Recent treatment was assessed during the interview by asking participants when they were last tested and treated for an STI, and for which STI. We included in our analyses those who had recently been treated for gonorrhoea or chlamydia in order to limit outcome misclassification. This contributed eight additional cases to the 96 lab confirmed cases, for a total of 104 cases out of 845 individuals with STI information.
Analytical sample
The sample for this analysis consisted of all recently sexually active participants of any type (index, friend or sex partner) at either wave who either were tested for gonorrhoea (GC) and chlamydia (CT) as part of the study or reported being treated for gonorrhoea or chlamydia within the weeks preceding the interview. The analytical sample included a total of 845 observations from 655 unique individuals, with 397 baseline observations and 448 follow-up observations (table 1). In multivariable models, 54 observations were dropped from the analysis because they were missing condom use, resulting in a sample size of 791. The dropped observations were equally likely to be infected.
Statistical analyses
Bivariate associations were assessed with t tests for continuous variables and χ2 tests for categorical variables. Multivariate analyses were carried out using logistic regression. All p values presented are for two-tailed tests.
There were multiple sets of non-independent observations in our sample: (1) individuals who were interviewed at both waves, (2) individuals in the same network components at a given wave and (3) individuals who were friends with each other. We used logistic models with generalised estimating equations19 to control for these sources of correlation. We could not adjust for all three types of correlation simultaneously because correlated sets were not nested, so we adjusted for each independently. Results from the three adjustments were nearly identical, so we present here only results adjusted for clustering within sexual network components. All multivariate model results are presented with robust standard errors.

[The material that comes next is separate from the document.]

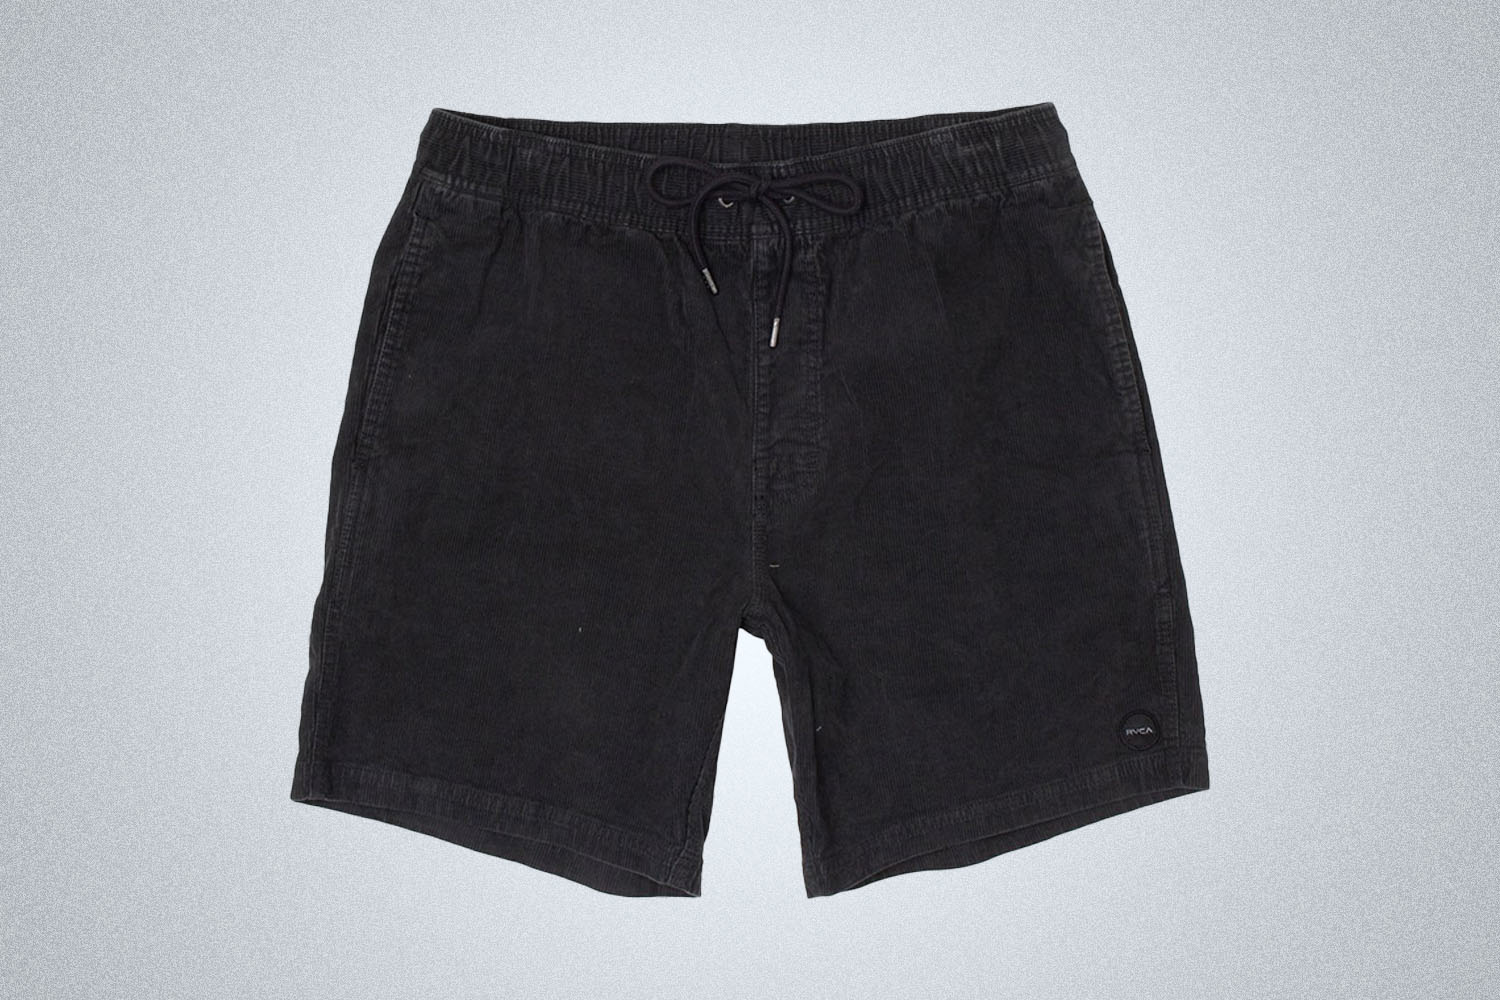 a pair of black RVCA corduroy shorts on a grey background

Network analysis was conducted in SAS by adapting James Moody’s SPAN modules (SAS Programs for Analyzing Networks, J Moody, Chapel Hill, North Carolina). Pajek (Program for Large Network Analysis, V Batagel; and A Mrvar, Ljubljana, Slovenia) was used to create network images. Statistical analyses were carried out in SAS v.9.1 (SAS Institute, Cary, North Carolina).
Results
Basic demographic and behavioural characteristics of the analytic sample are presented in table 1. At both waves, friends were older than index participants (p = 0.0001) and more likely to be infected with chlamydia (p = 0.06). Compared with both index and friends, sex partners were older (p<0.0001) and less likely to be in school (p<0.005). Prevalence of chlamydia dropped by 40% between baseline and follow-up, possibly due to treatment following baseline testing.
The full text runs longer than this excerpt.